When she heard a quiet footstep in the corridor, she tensed in fear, her gaze glued to the open door.
Then … Raul stepped in. Raul, wet and muddy, grim and determined, with a pistol in one hand and an arsenal of weapons strapped on his chest and belt.
She withered in the chair, and tears of relief sprang to her eyes.
She had never seen anything look so good.
She was alive.
He was alive.
Together they could beat any odds.
If he was happy to see her, she couldn’t tell.
But she was happy enough for them both.
With a glance, he assessed the situation, signaled for silence, and hurried to her side. Putting his pistol on the floor beside him, he pulled a knife from his belt and went to work on the ropes that bound her.
“I love you,” she whispered.
He nodded, concentrating on his knife and the ropes.
“How did you get in? Did you have to fight?” She kept her voice low.
“Two hundred years ago, my family lived here. We have always known all the secret passageways.” He glanced up at her, his voice as quiet as hers. “And there are no guards or servants to be found anywhere. They know the storm is upon us, and they are hiding.”
“Yes.” When her hands were free, she touched his face. “I truly love you.”
He glanced toward the door, cocked his head, and listened. Helping her to her feet and giving her one of his pistols, he said, “Get out.”
“No.” She shook her head. “Come with me.”
“I’m on a hunting expedition.”
“No.” She tried to hand him back his pistol. “Together we have a better chance of escaping.”
“I will finish off the de Guignards here and now. It is time for this to be over. It’s time to avenge my mother’s death … every Moricadian death.” His green eyes were cold and flat. “I can’t do that if I have to worry about you.”
But you’re going to die. You’re going to die! Her own voi
ce screamed the words in her head, but she couldn’t say them. She knew what he had to do. She even understood it.
He placed the pistol back in her hand. “Shoot anyone who tries to stop you.”
But before she could make her decision—
stay or
leave— a voice spoke from the door. “If only it was going to be that easy.”
Jean-Pierre. His rifle was pressed against his shoulder, pointed at Raul. He was going to kill Raul.
Victoria didn’t even think. In one smooth motion, she cocked the pistol, lifted it, and shot.
The bullet hurtled fifty feet, from one end of the throne room to the other, and struck at the rifle’s wooden butt, blowing splinters into Jean-Pierre’s face. The rifle roared, but the shot went wild. Jean-Pierre threw the weapon aside.
Raul sprang across the table and charged.

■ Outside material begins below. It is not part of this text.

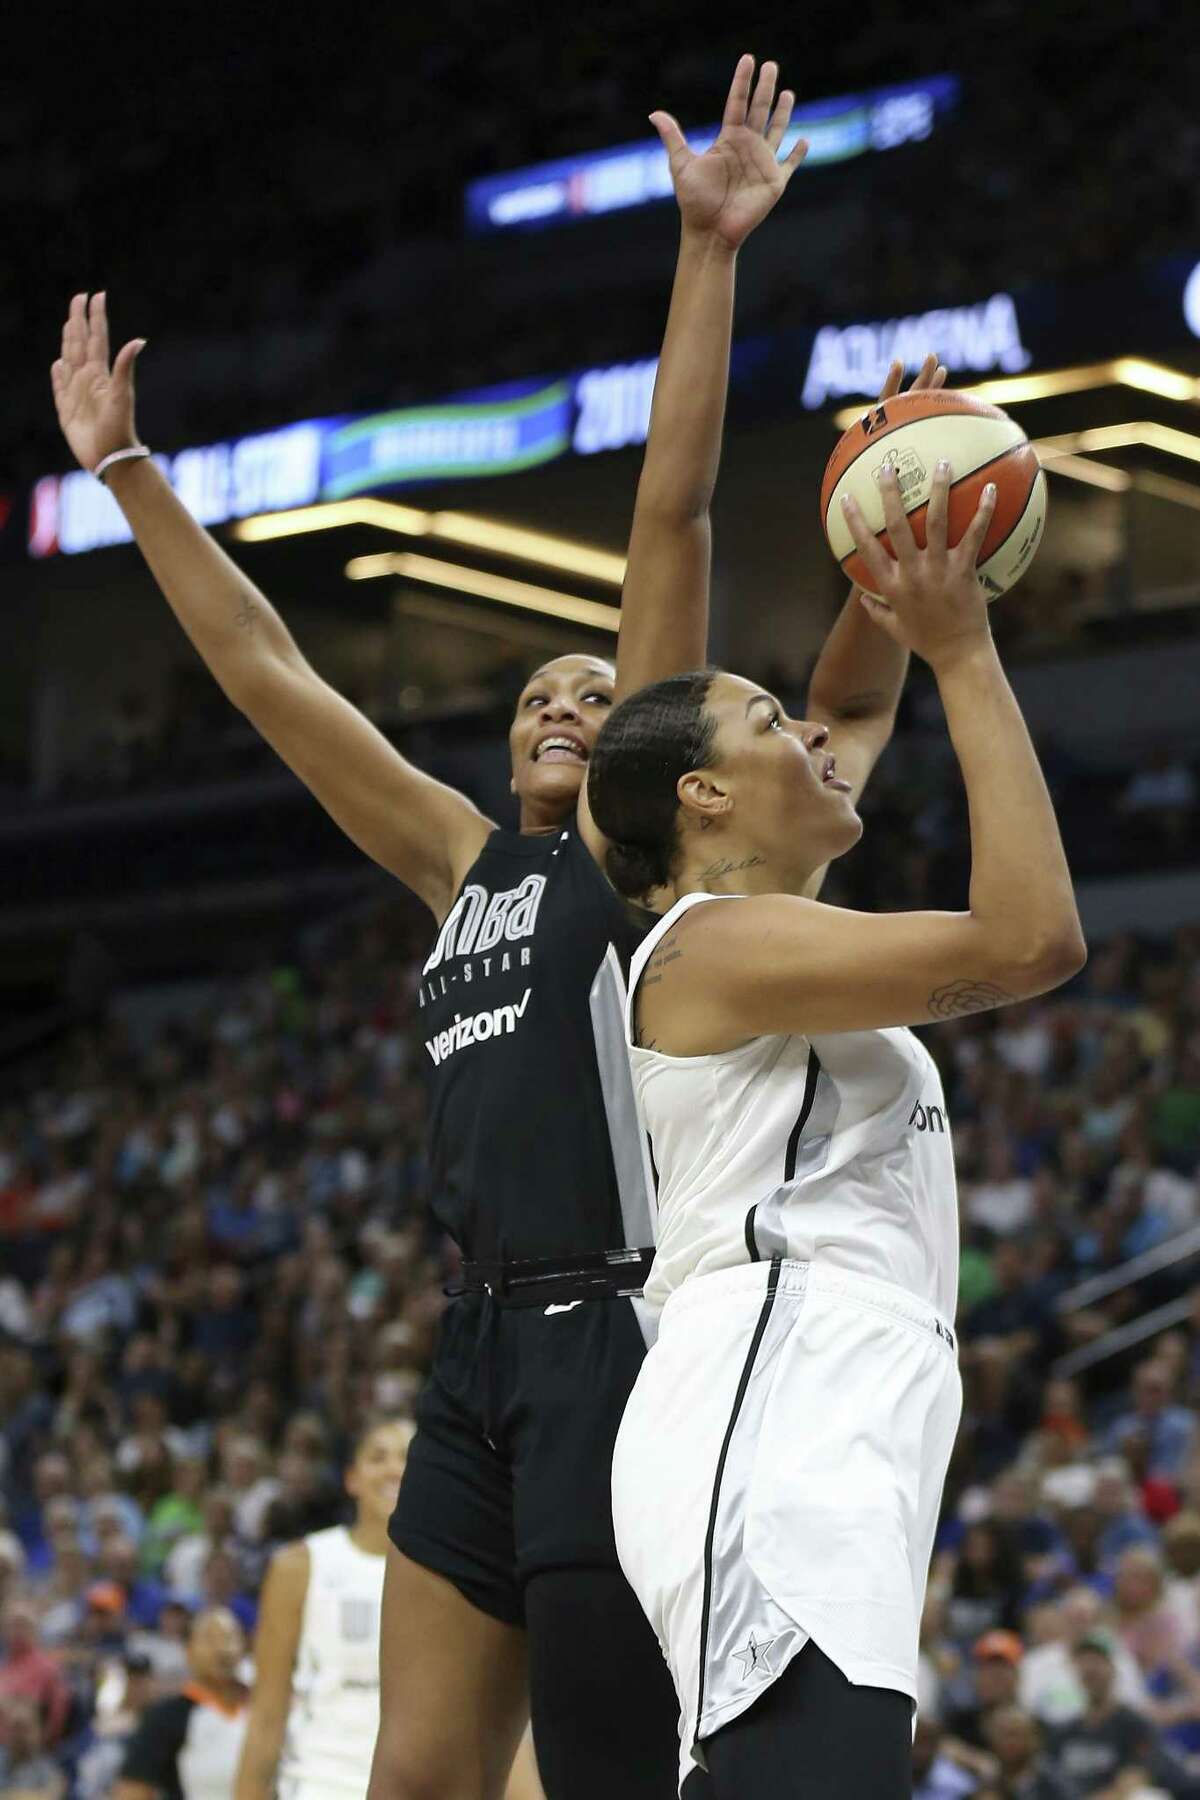 Team Candace Parker's Liz Cambage, right, shoots the ball against Team Delle Donne's A'ja Wilson, left, in the first half of the WNBA All-Star basketball game Saturday, July 28, 2018 in Minneapolis. (AP Photo/Stacy Bengs)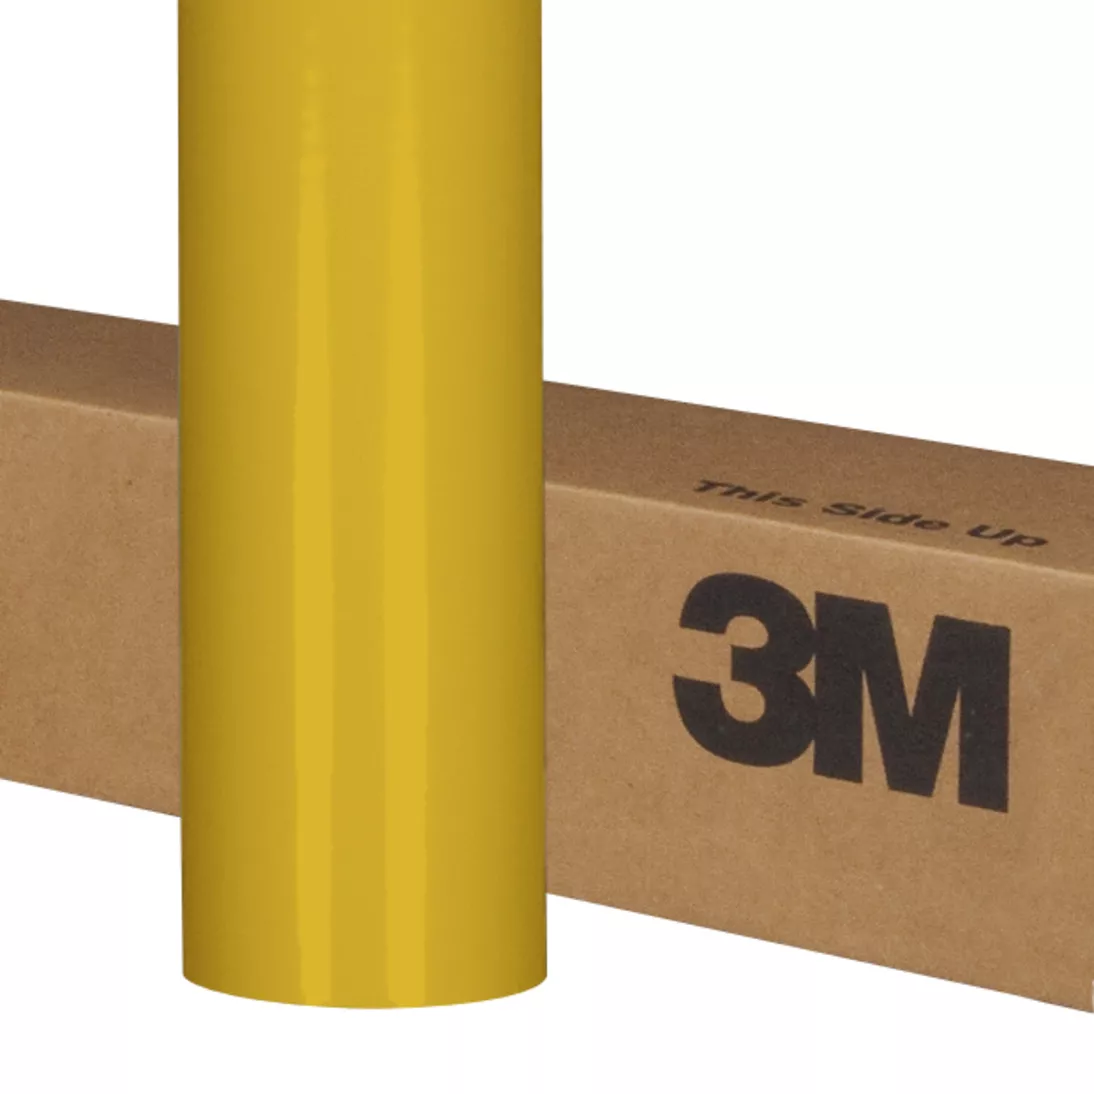 3M™ Scotchcal™ ElectroCut™ Graphic Film 7125-105, Harvest Gold, 24 in x
50 yd

Jean-Pierre scratched at his injured eyes and reached for his pistol.
Raul plowed into him.
The two men slammed to the floor and slid across the slick white marble, the pistol rolling end over end into the corridor. Raul landed on top, hit Jean-Pierre under the chin, smashed his head to the floor.
Jean-Pierre went limp.
Raul shouted to Victoria, “Get out. Shut the doors.
Get away!”
She ran to do what he wanted … or at least, some of what he wanted.
He turned back to Jean-Pierre. “This is between him and me.”

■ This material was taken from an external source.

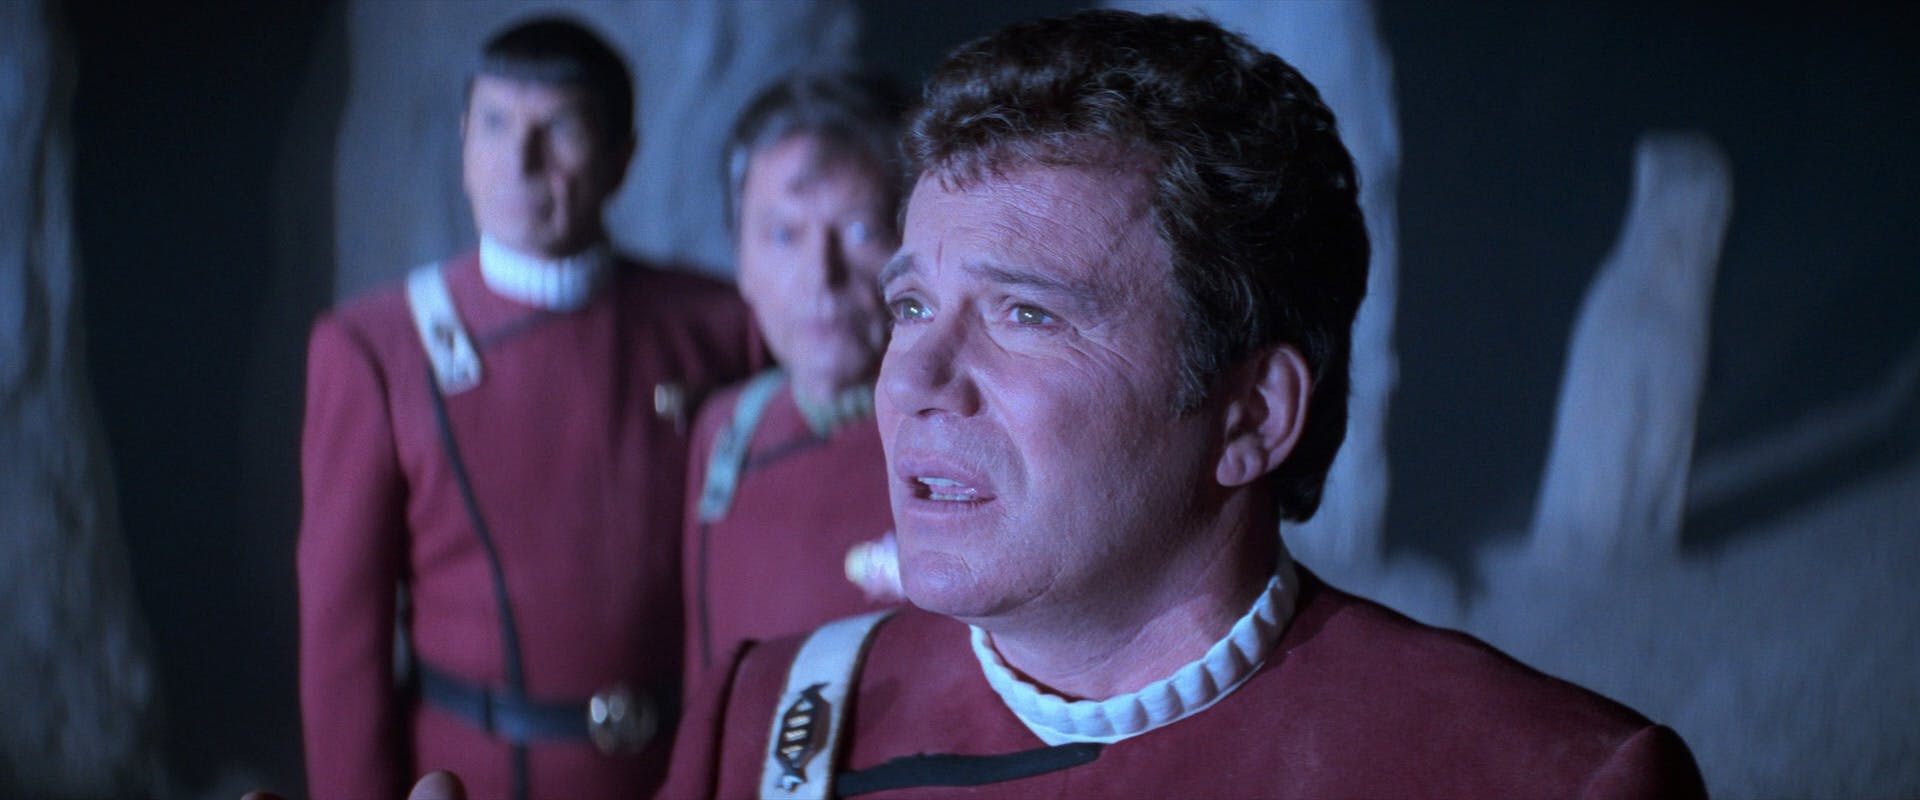 Kirk looks out towards the god of Sha Ke Ree wondering what it needs with a starship as Spock looks out as well, while McCoy looks over at his captain in Star Trek V: The Final Frontier

But he’d lost the advantage.
Jean-Pierre came off the floor and rammed Raul into a suit of armor.
Metal screeched, clattered, and thundered in a storm of iron clad hail.
Raul seized a breastplate and slapped Jean-Pierre across the side of the head.
The metal rang like a bell.
Jean-Pierre’s head quivered and he dropped flat on his back.
Victoria slammed the doors shut and slid the defensive wooden bar into the ancient iron brackets.